[[ Data for review open ]]
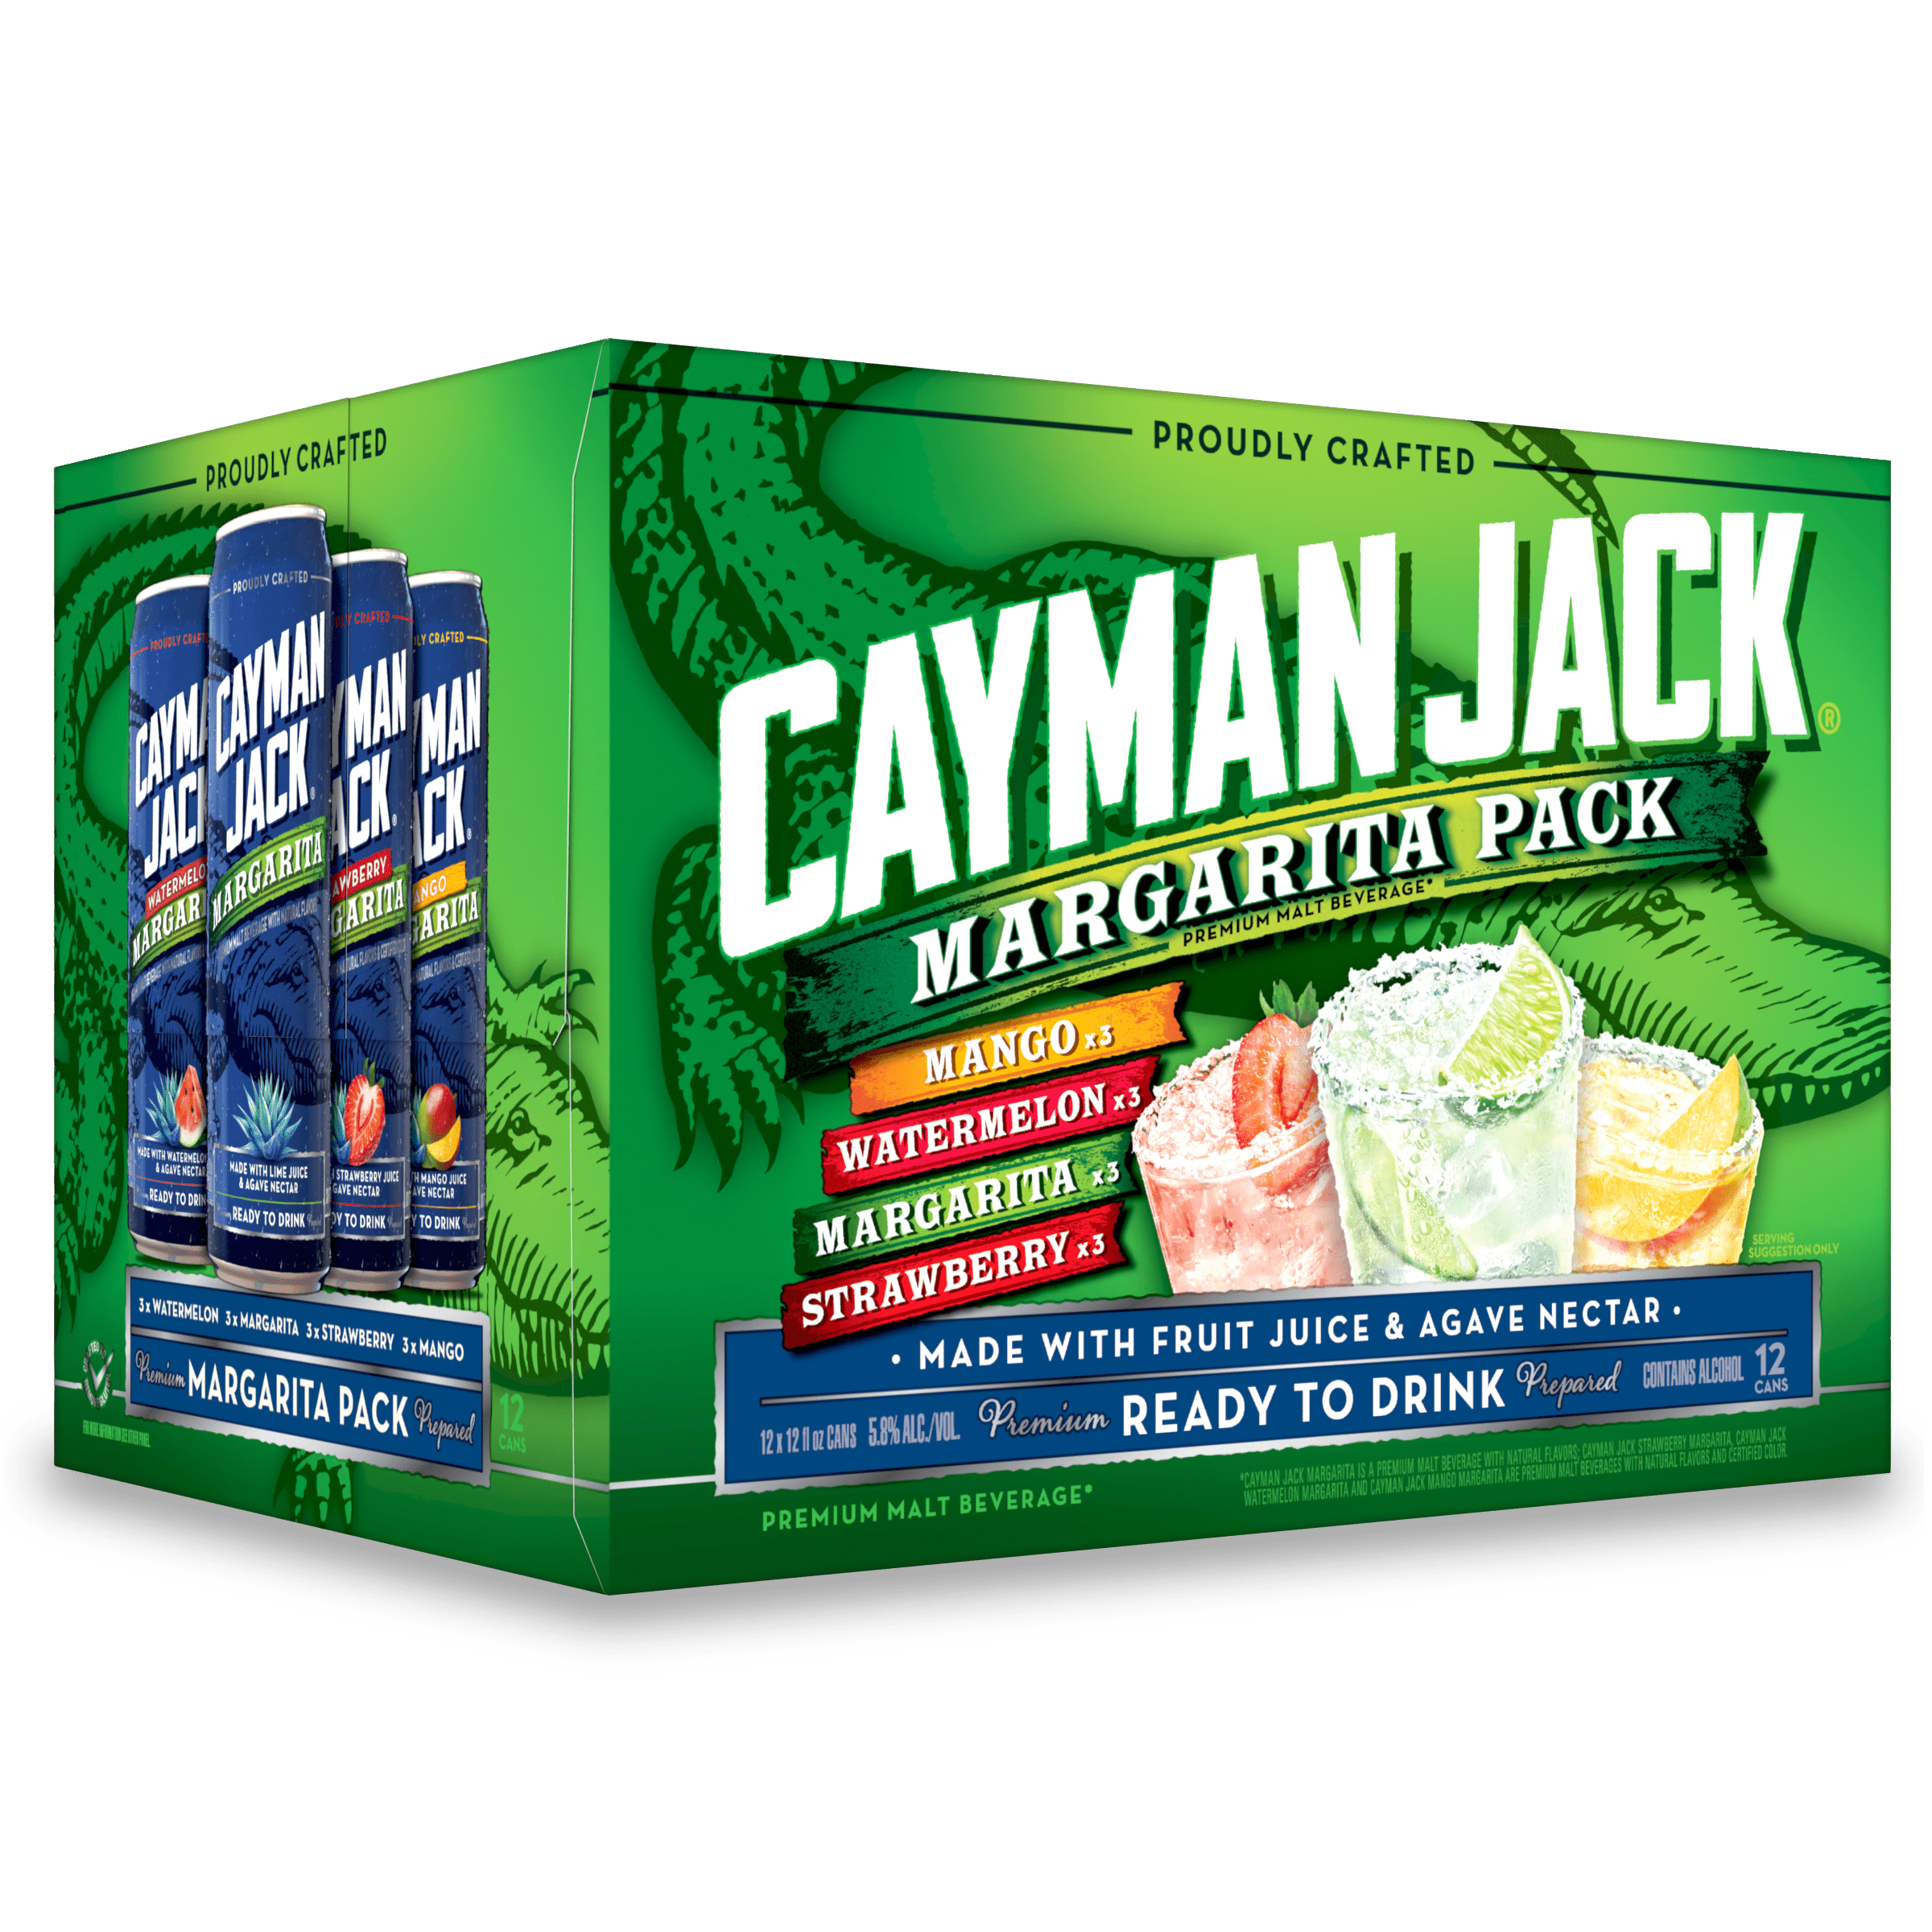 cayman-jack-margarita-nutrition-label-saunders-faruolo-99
[[ Data for review closed ]]
[[ Data for review open ]]
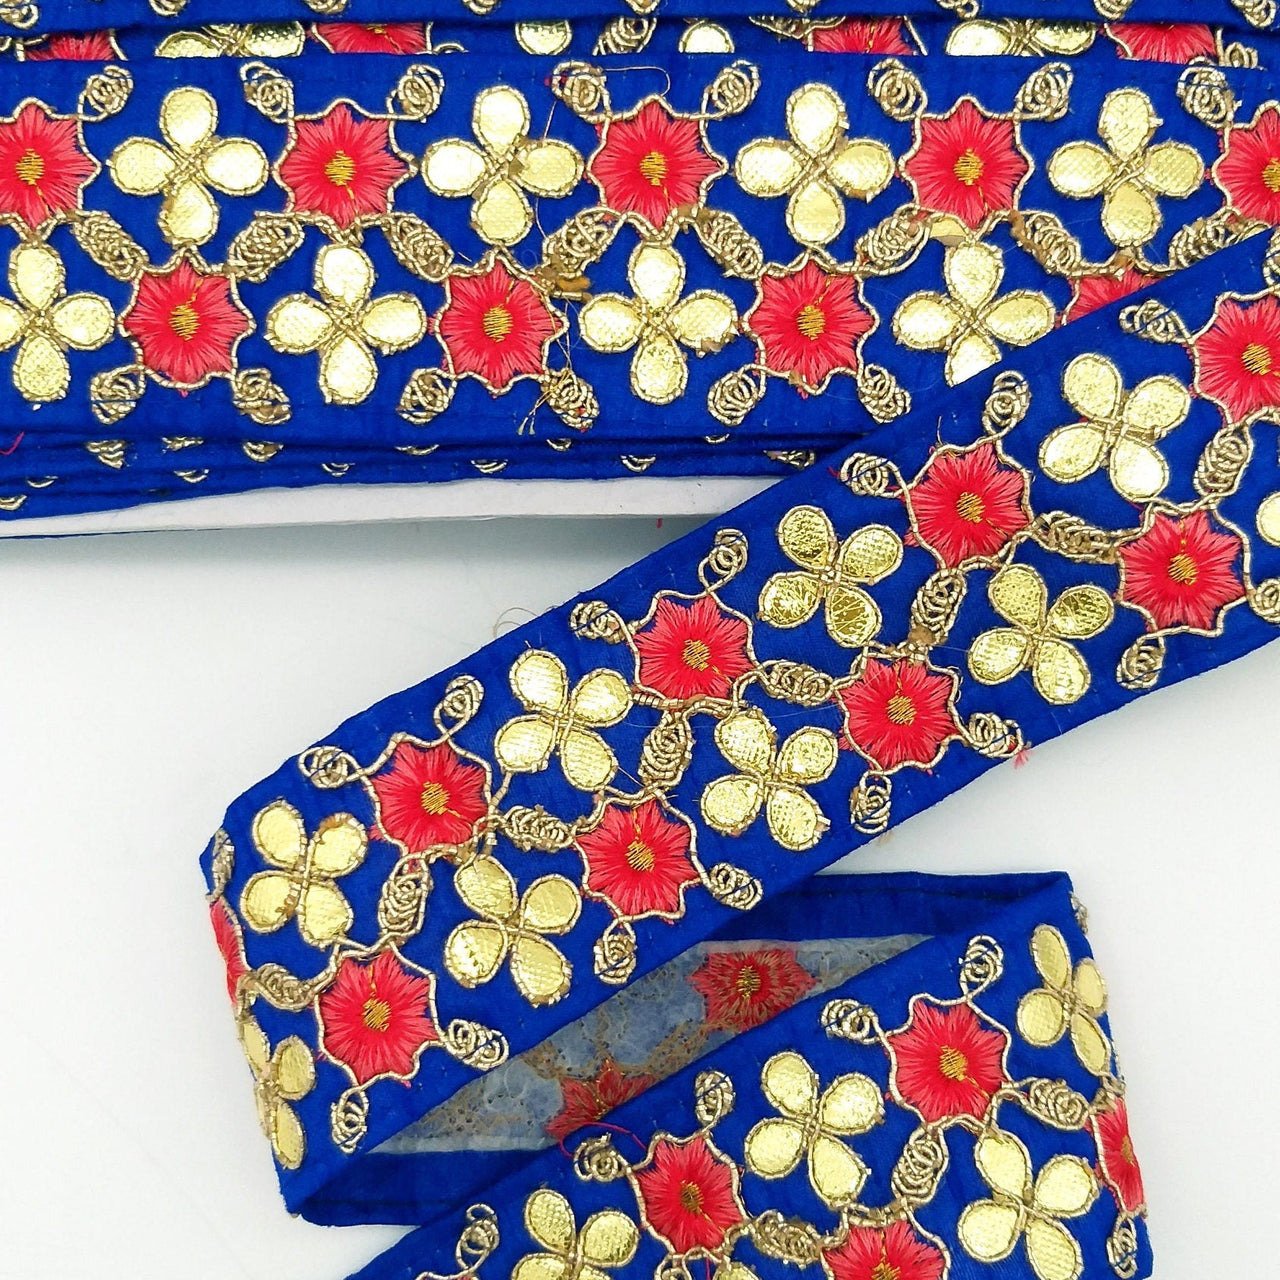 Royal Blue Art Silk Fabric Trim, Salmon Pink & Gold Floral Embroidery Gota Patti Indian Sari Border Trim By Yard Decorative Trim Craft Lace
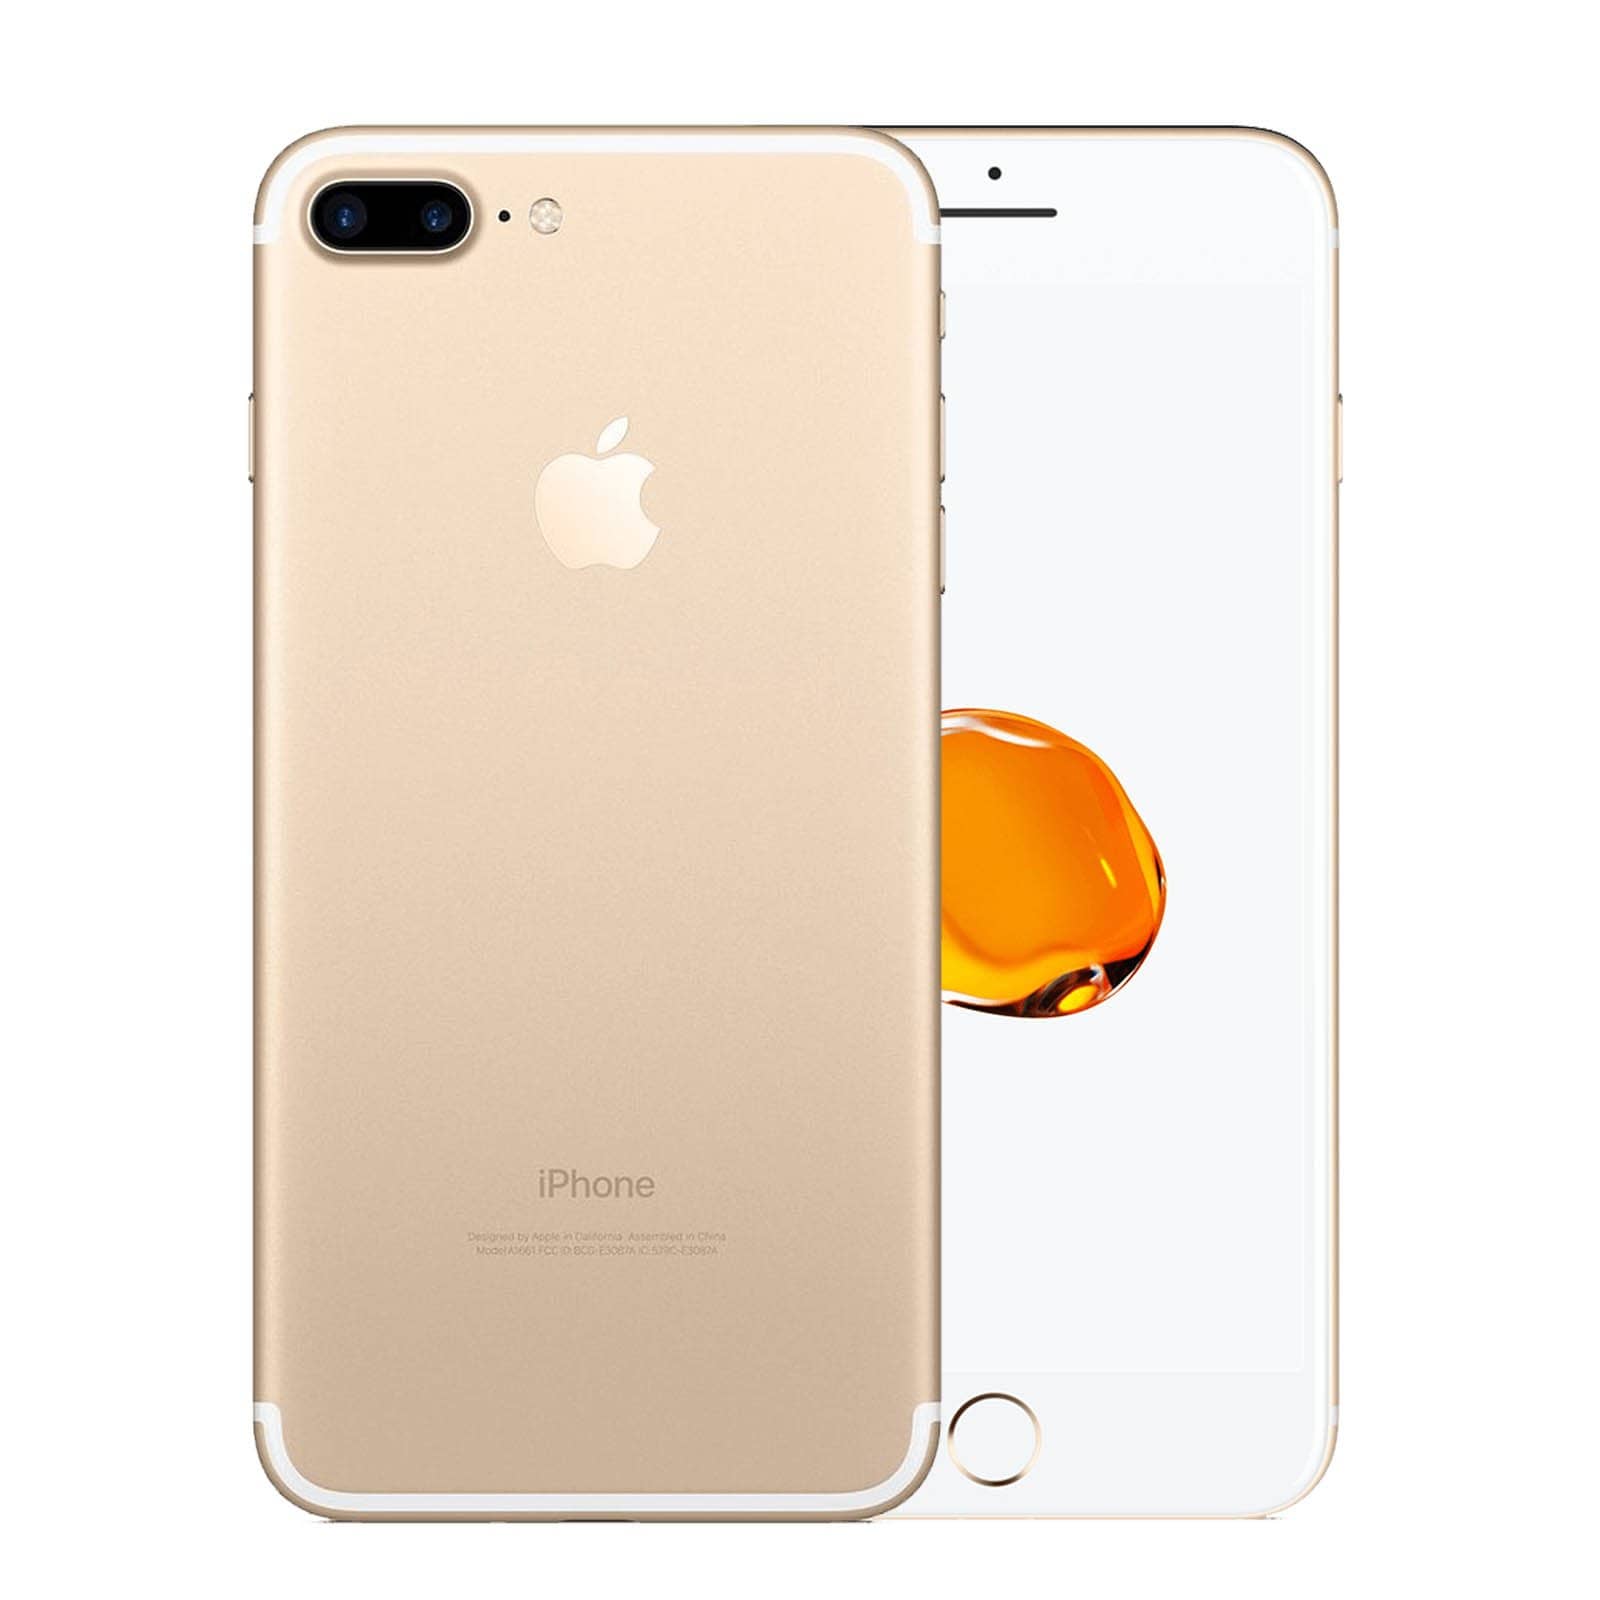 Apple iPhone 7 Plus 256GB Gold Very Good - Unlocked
[[ Data for review closed ]]
[[ Data for review open ]]
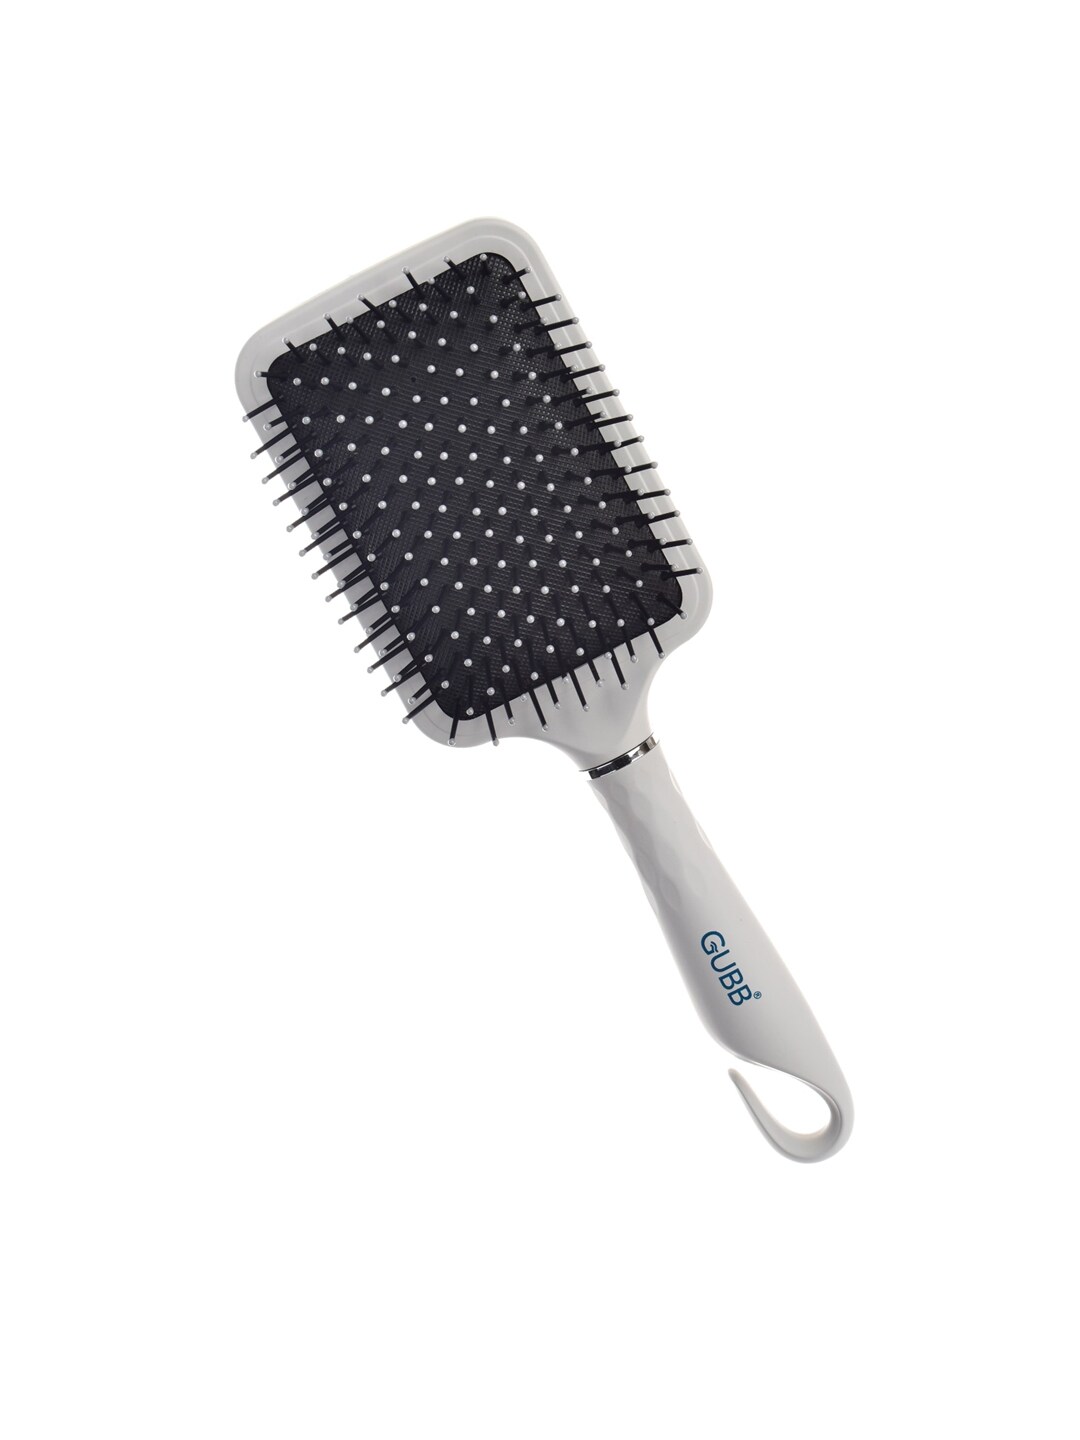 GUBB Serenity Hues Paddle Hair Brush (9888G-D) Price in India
[[ Data for review closed ]]
**The problem**
Beginning at the line above that contains "Royal Blue Art", repeat each line exactly through the one that contains "Apple iPhone 7", and leave out the pictures.

**Reply to the task**
 Royal Blue Art Silk Fabric Trim, Salmon Pink & Gold Floral Embroidery Gota Patti Indian Sari Border Trim By Yard Decorative Trim Craft Lace
 Apple iPhone 7 Plus 256GB Gold Very Good - Unlocked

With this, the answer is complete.